* [DIRECTIONS FOR THIS TASK]: Using the listing below, copy exactly the lines from the one containing "マグ有効和解する化粧オーガナイザーバッグ 調整可能な仕切り付き防水メイクアップバッグ旅行化粧ケースブラシホルダー 化粧品ケース" to the one containing "bibit anggerk dendromium", both lines included, and no others.

* [GIVEN DATA]:
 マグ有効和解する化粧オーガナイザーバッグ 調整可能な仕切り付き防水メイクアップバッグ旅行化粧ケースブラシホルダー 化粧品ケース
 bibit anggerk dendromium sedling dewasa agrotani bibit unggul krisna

* * *

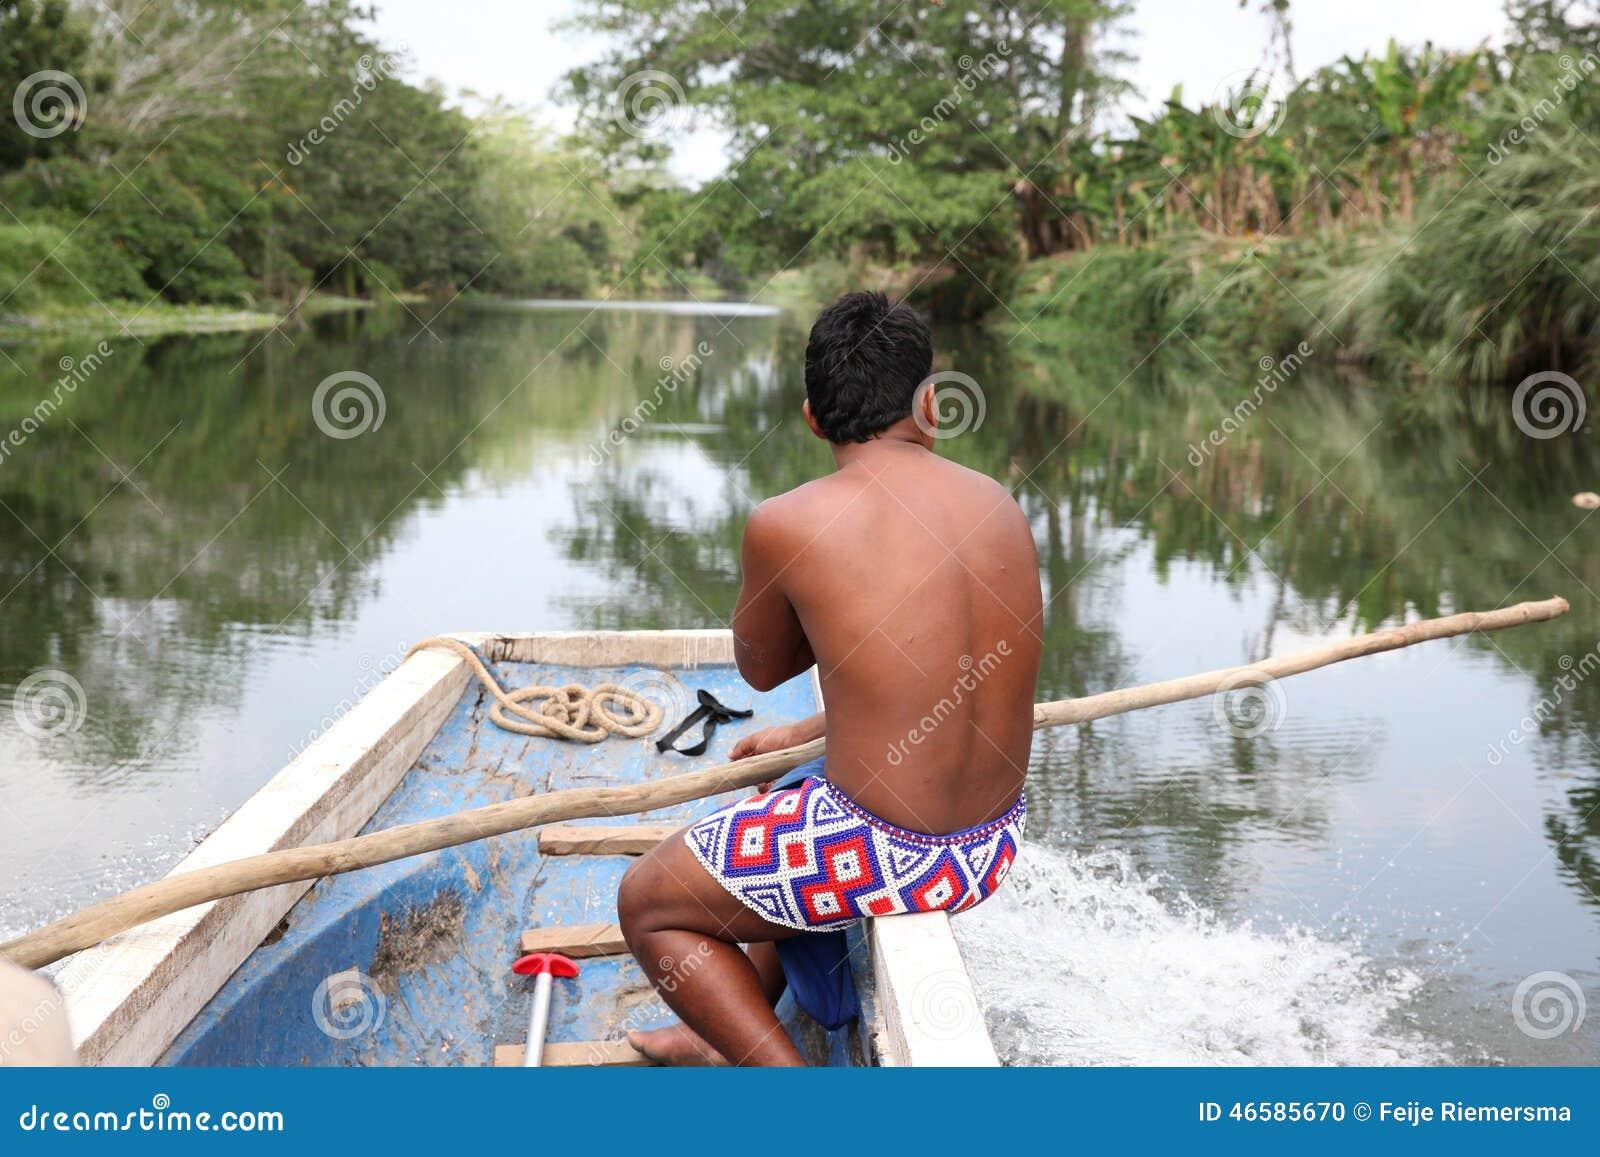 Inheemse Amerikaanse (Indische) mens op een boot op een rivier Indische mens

* [WRITTEN ANSWER]:
 マグ有効和解する化粧オーガナイザーバッグ 調整可能な仕切り付き防水メイクアップバッグ旅行化粧ケースブラシホルダー 化粧品ケース
 bibit anggerk dendromium sedling dewasa agrotani bibit unggul krisna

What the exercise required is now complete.